I saw myself in De Bres’s description of the relay story: this incident, which I didn’t personally experience, without question helped me to better understand who I am and where I come from. And yet I couldn’t break the promise. As a result, the book is incomplete.
But then again, what memoir is ever otherwise? Memoirists make choices about what to include and what to leave out all the time. It would be dishonest if I didn’t admit that there are stories about myself, ones I personally experienced, that are arguably relevant to the book, which I omitted, because – for whatever reason – I don’t want people to know about them.
The irony about writing Mother Shadow is that, from my family member’s reaction, I learnt deeper truths about them than I ever would have otherwise. Writing this memoir taught me something profound about shame that I never understood before – how deeply it can run, how crippling it can be, how it can stop you living the life you would like to live, having the relationships you would like to have. Ultimately, unexpectedly, through their response, I got the answer to a question I had been interrogating in the memoir about our own relationship which I would never have gotten if I hadn’t initially put that painful incident in there.
The truth is that even though my relationship with that family member is forever altered by this experience, I feel more compassion for them now. I know that I’m able to love them more deeply than I was ever able to before – even if they don’t feel the same. It seems possible that, in writing Mother Shadow, a pattern in our maternal line has been disrupted, and a kind of healing has resulted which will be passed on to the generations who come after ours.
In other words, while writing family memoir has come at a cost, good has come of it too. I may yet return to that third book one day. For now, however, I’m trying my hand at fiction.
Cynthia Banham is a writer, journalist and lawyer. She is the author of three non-fiction books. Liberal Democracies and the Torture of their Citizens was based on her PhD. A Certain Light: A Memoir of Family, Loss and Hope, was shortlisted for the Prime Minister’s Literary Awards. Her most recent book is Mother Shadow: A Meditation on Maternal Inheritance, published by Upswell. She is currently working on a historical novel. When she is not writing, she is down by her frog pond, looking for tadpoles.

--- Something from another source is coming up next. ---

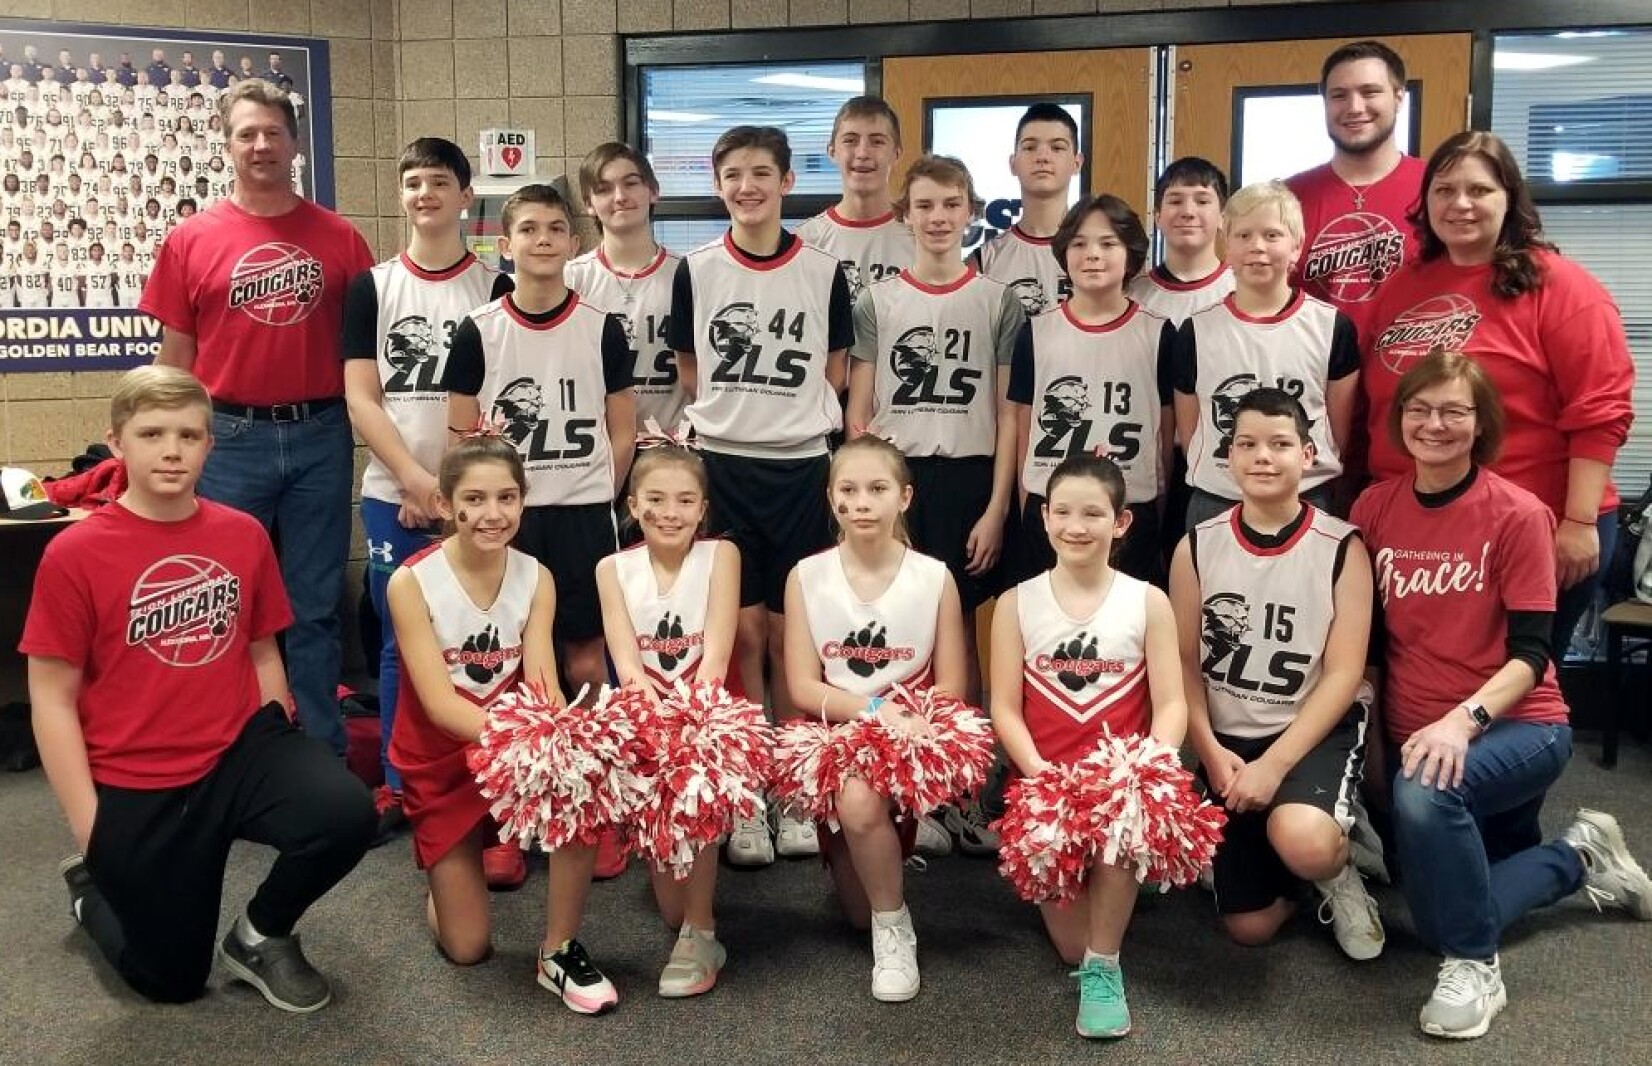  Zion Lutheran School 7th-8th grade team set to play in a national basketball tournament

What an emotionally raw, honest piece – nothing less expected from Cynthia – identifying the exquisite pain that can result from writing memoir. Brava and thank you.
Dearest Annie, so glad Cynthia’s essay resonated with you so! You should also write one for my blog x
This is a fascinating behind-the-scenes look at writing memoir, thoughtful and aching. Thank you Cynthia.
Kathy, I’m looking forward to YOUR memoir 🙂
A beautiful meditation on writing memoir, integrity, ethical decision making and family fractures. Writing memoir is bold; taking a new direction in writing also requires courage, resilience, and wisdom.
Dearest Shannon, and you – such a brave and accomplished memoir writer – have the authority to say all this!
Very interesting about the ‘relay stories.’ I wonder if people relay stories to each other and then expect them to be taken as ‘gospel’. But sometimes the memoirist breaks that mould and may thereby be committing heresy. But it is the truth for that writer or author, and simply needs to be said.
Thanks for your piece.
Margaret, I think heretics often speak the truth. Or at least their own truth, as you say!
This is a very honest and powerful piece which makes me wants to buy Mother Shadow and read it straight away.
Please do this, dearest Sandra, it’s a wonderful book indeed!
Beautiful post. Thanks Cynthia and Lee.
So glad that you loved it as much as I did, dear Kate, and great to hear from you. x
What a wonderful insightful essay. Thanks for sharing your thoughts on memoir writing. I loved ‘A Certain Light’ & will definitely be reading ‘Mother Shadow’ & de Bres’ ‘Artful Truths: The Philosophy of Memoir’. Ahh, the joy of reading a piece that leads to more reading … Thank you both for putting this out there.
Dearest Jenny, thank you! You’ll love Cynthia’s new memoir, I’m sure. And I hope you’re still writing or finished writing your own compelling book.